BACKGROUND

Feixin decoction (FXD) is an effective traditional Chinese medicine prescription for treating chronic pulmonary heart disease and hypoxic pulmonary hypertension (HPH), However, the pharmacological mechanism of FXD in preventing HPH remains unclear.

PURPOSE

This study aimed to evaluate the preventive and therapeutic effect of FXD on HPH and confirm the association between HPH, gut microbiota, and FXD.

METHODS

Multiple in vivo animal models were used, including HPH rat models, microbiota depletion models, and fecal microbiota transplantation (FMT) models. The HPH phenotype was evaluated through: right heart catheterization for hemodynamic parameters, doppler echocardiography for cardiac function assessment, hematoxylin-eosin staining for histopathological examination, and immunofluorescence labeling for specific protein expression analysis. Concurrently, transmission electron microscopy was utilized to observe the ultrastructure of the intestinal barrier, combined with immunofluorescence to examine the distribution characteristics of tight junction proteins. To elucidate the mechanism by which HPH ameliorates gut microbiota dysbiosis and associated metabolites, the study integrated 16S rRNA sequencing for microbiota composition analysis, dual-platform untargeted metabolomics for differential metabolite screening, and targeted metabolomics for quantitative validation.

RESULTS

FXD exhibited significant therapeutic effects in HPH rats, ameliorating pulmonary vascular remodeling, attenuating right ventricular hypertrophy, reducing systemic inflammation, and restoring intestinal barrier function. Additionally, FXD partially restored intestinal ecological balance by enriching beneficial species (Lactobacillus and Lactobacillus johnsonii) while reducing pathogenic genera (Escherichia-Shigella and Helicobacter rodentium). Concurrently, FXD treatment induced favorable metabolic alterations, characterized by elevated levels of beneficial metabolites including eicosapentaenoic acid (EPA) and docosahexaenoic acid (DHA), along with reduced concentrations of pro-inflammatory 5-hydroxytryptamine (5-HT). Gut microbiota depletion and fecal microbiota transplantation (FMT) studies established that FXD's therapeutic effects on HPH are mediated through gut microbiota modulation. Mechanistic investigations revealed that this protection likely involves inhibition of the TLR4/MyD88/NF-κB signaling pathway. In vitro studies further corroborated these findings, showing that FXD-enriched metabolites potently suppressed abnormal proliferation, migration and apoptosis in human pulmonary arterial smooth muscle cells (HPASMCs).
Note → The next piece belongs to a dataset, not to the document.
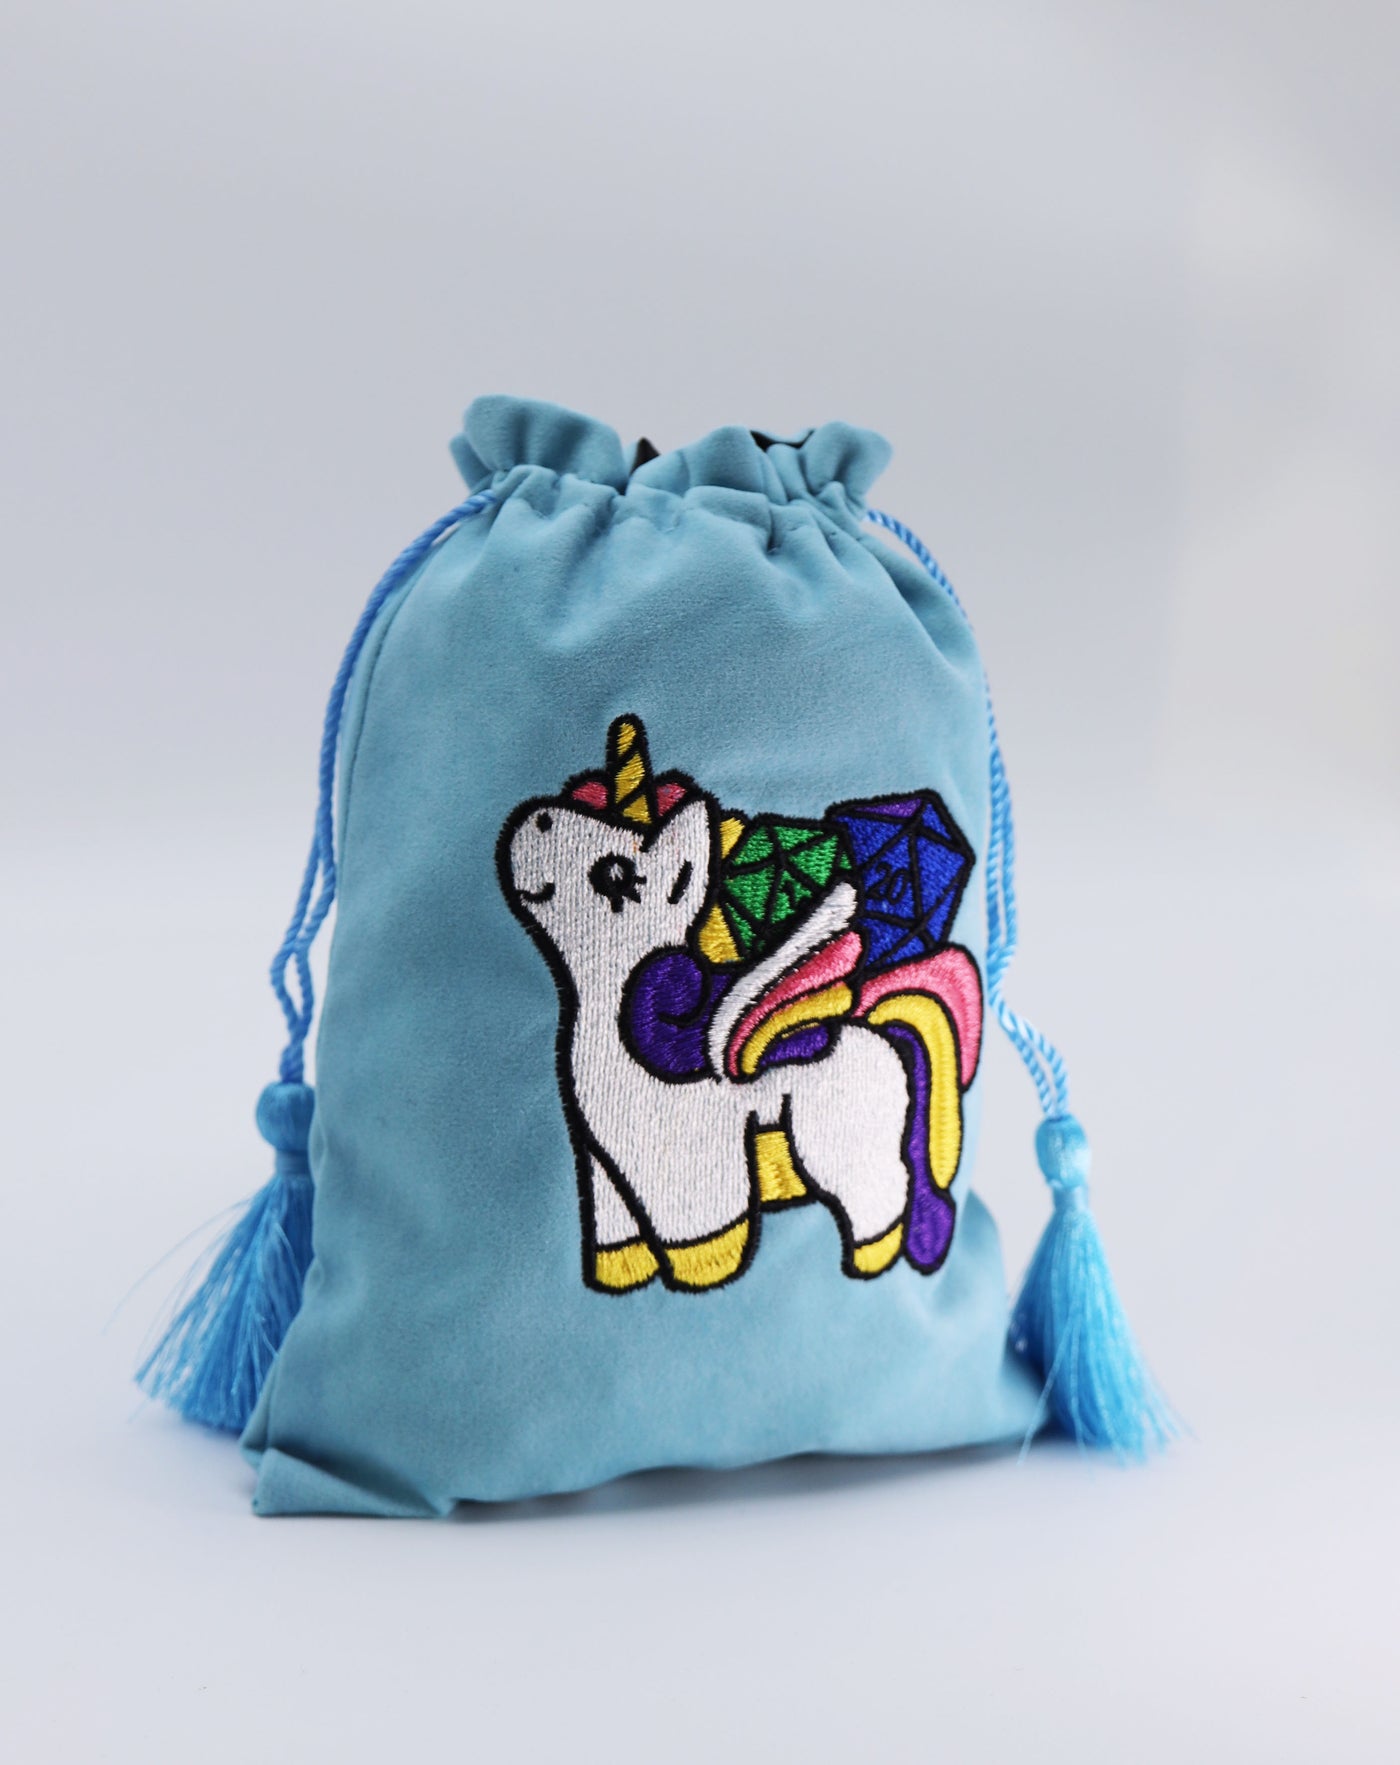 Dice Bag - Sparkles the Unicorn Dice Box Foam Brain Games
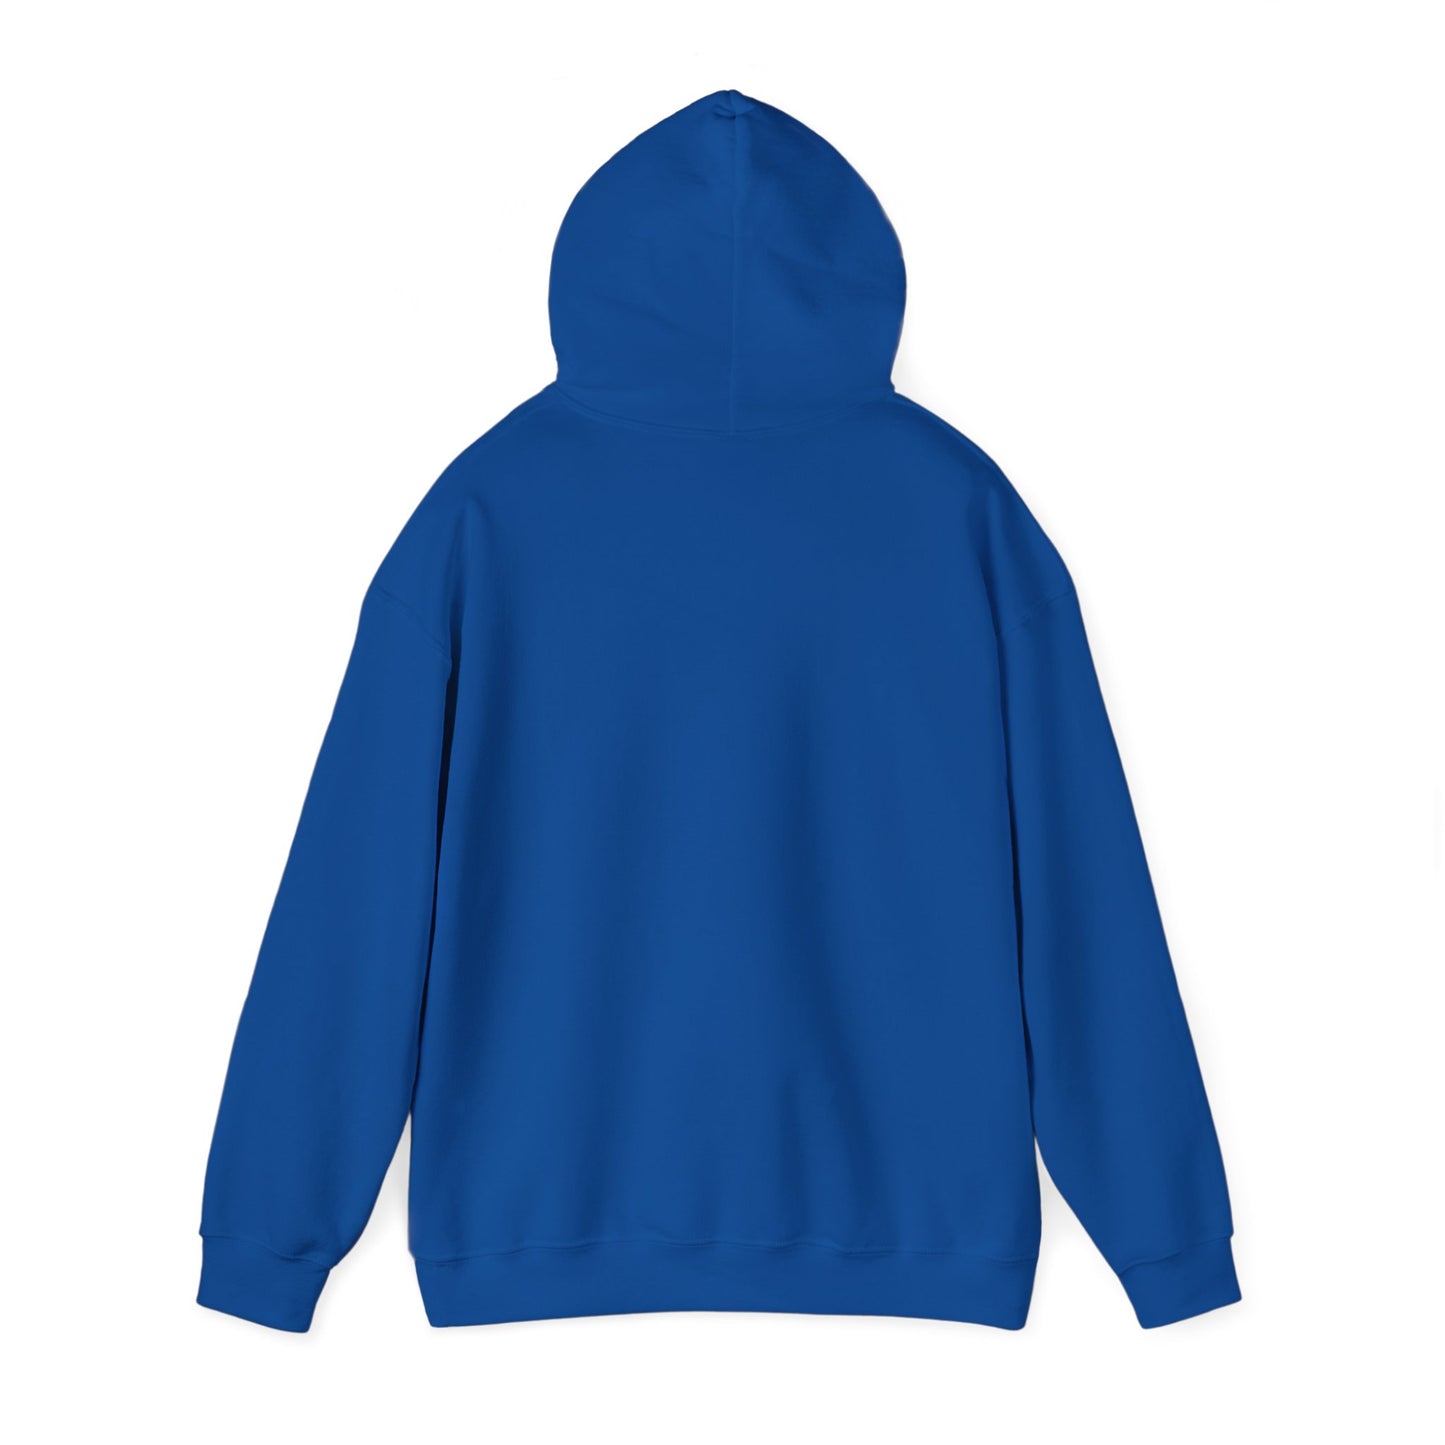 Gildan_Dont feel Alone Nature_Unisex Heavy Blend™ Hooded Sweatshirt

Notably, EPA, the most significantly increased metabolite, specifically attenuates hypoxia-induced HPASMCs proliferation by interfering with the TLR4/MyD88/NF-κB signaling axis.

CONCLUSIONS

Our study confirms that FXD alleviates HPH by regulating gut microbiota and its associated metabolites and validates the potential of FXD as a gut microbiota modulator and an HPH treatment, thereby providing a new therapeutic strategy to improve treatment efficacy.